# `numpy`

The following exercises test some of your new `numpy` skills.  In some cases there is more than one solution.  Feel free to experiment with different methods.

## Imports

In [4]:
import numpy as np

## Exercise 1

In this exercise, you will use `numpy` to generate a random variable following a standard normal distribution.  You will then use the statistical functions built into numpy to analyse the distribution of the variable.

**Task**:
* Take 10,000 samples from the standard normal distribution
* Create a function called `basic_descriptives` that returns the mean, stdev, and 1st/99th percentiles of a numpy array parameter.
* Call your function and printout the results.

**Hints**:
* You can assume the numpy array passed to the function contains float data or you could check and raise an exception.


In [None]:
# your code here...

In [10]:
# example solution

SAMPLE_SIZE = 10_000

# create a random number generator
rng = np.random.default_rng(42)

# generate numpy array of size SAMPLE_SIZE using standard normal
samples = rng.normal(size=SAMPLE_SIZE)
print(type(samples))
print(samples.shape)

<class 'numpy.ndarray'>
(10000,)


In [13]:
def basic_descriptives(data):
    """
    Returns mean, stdev, and 1st and 99th percentile of a 1D numpy.ndarray
    
    Assumes `data` is numpy array of floats.
    
    Parameters:
    ------------
    data: numpy.ndarray 
        numeric data to analyse
        
    Returns:
    --------
    (float, float, float, float)
    """
    mean = data.mean()
    std = data.std()
    per_1st = np.percentile(data, 1) 
    per_99th = np.percentile(data, 99)
    
    return mean, std, per_1st, per_99th


results = basic_descriptives(samples)
print(results)

(-0.01024987541401165, 1.006285768537041, -2.3738111979173713, 2.3558409670159173)


## Exercise 2

Reuse the data generated in exercise 1.  You are going to analyse the tails of the distribution you generated.

**Task:**
* Select only the samples that have a value greater than or equal to +1.96 and less than or equal to -1.96
* Determine the proportion of data that falls into these tails.
* Are these proportions what you expect for the standard normal distribution?

**Hints**:
* You may want to create one or two general functions so that you can use to vary the cut-offs.

In [None]:
# your code here ...

**Example solution:**

It is very simple to work with `numpy` arrays containing numeric data. For example if we wanted to find all of our samples that are greater than or equal to +1.96 we use:
    

In [22]:
# result is a array of bools
result = samples >= 1.96

print(result.shape)
print(type(result))
print(result)

(10000,)
<class 'numpy.ndarray'>
[False False False ... False False False]


The code returns a new numpy.ndarray that contains boolean (True/False) values. The value at array index i is True if the corresponding value at index i in array data is >= 2.3 and False otherwise. If we had used a python List we would have needed to loop through all of list items and perform the check ourselves.

Let's create some generalised functions to return the probabilities that a value is greater or less than a user specified value in our data set.

To do that we need to know that

```python
False == 0
True == 1
```

Therefore we can take the sum of our boolean array to find out how many array elements are greater or less than a user specified values. i.e.

In [23]:
(samples >= 1.96).sum()

257

In [24]:
def prob_great_than_or_equal_to(data, x):
    '''
    Return the proportion of the dataset that is greater than or equal to x
    
    Parameters:
    -----------
    data: numpy.ndarray 
        numeric data to analyse
    x: float
        Lower cut-off. 
        
    Returns:
    --------
    float
    '''
    return (data >= x).sum()/data.shape[0]
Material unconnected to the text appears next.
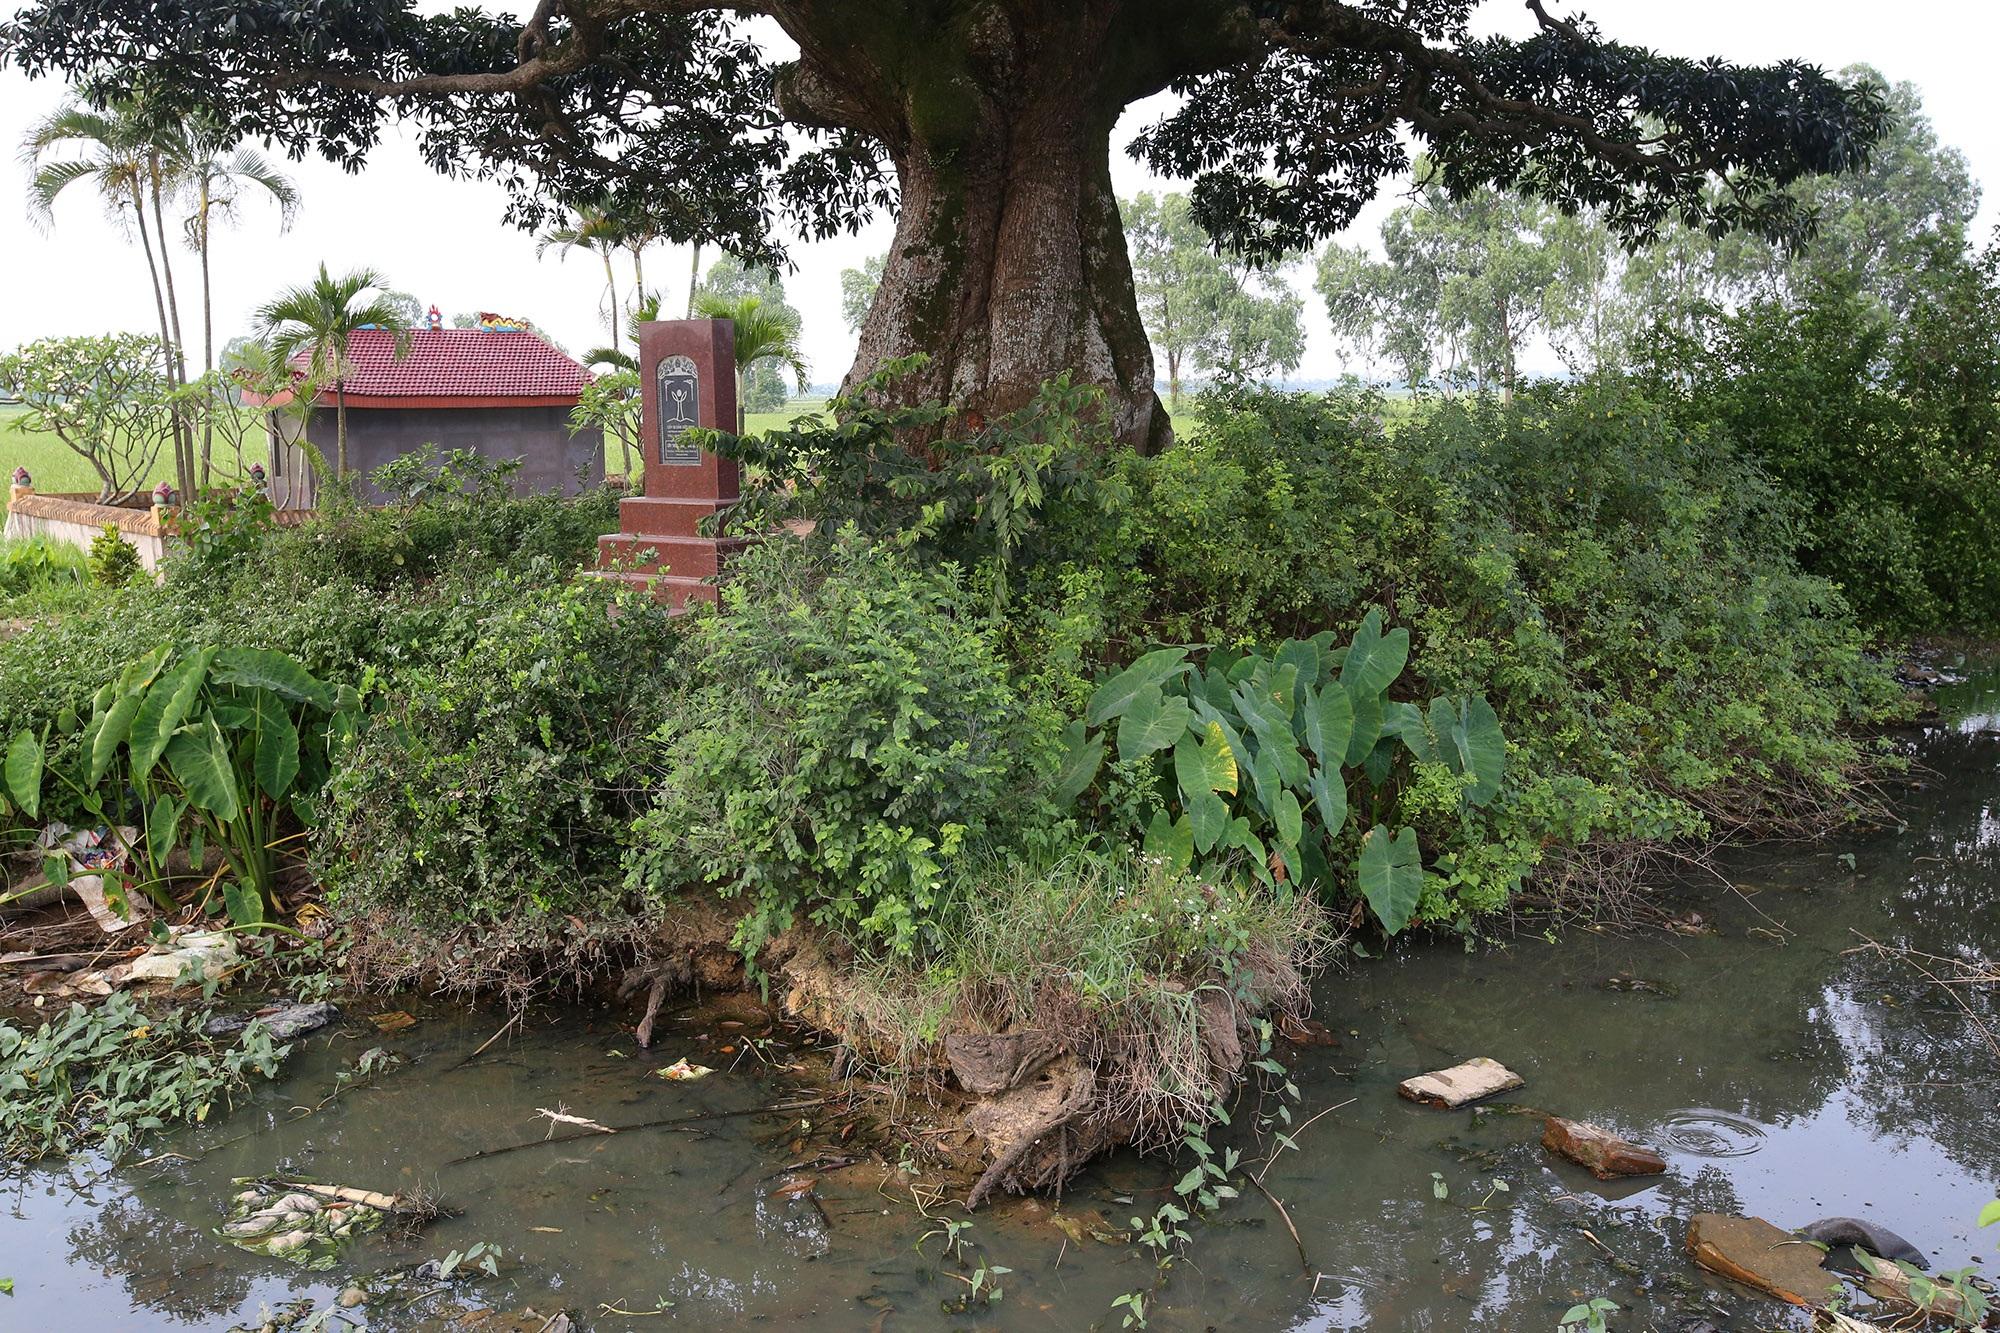 Hà Nội: Cây trôi cô đơn nghìn năm tuổi, báu vật của làng Bình Đà - 11

def prob_less_than_or_equal_to(data, x):
    '''
    Return the proportion of the dataset that is less than or equal to x
    
    Parameters:
    -----------
    data: numpy.ndarray 
        numeric data to analyse
    x: float
        Upper cut-off. 
        
    Returns:
    --------
    float
    '''
    return (data <= x).sum()/data.shape[0]

p1 = prob_great_than_or_equal_to(samples, 1.96)
p2 = prob_less_than_or_equal_to(samples, -1.96)

print(p1, p2)
print(1 - (p1+p2))


0.0257 0.0257
0.9486


Our test of these functions shows use that around 95% of data lie between points -1.96 and +1.96 (which again we would expect with the standard normal).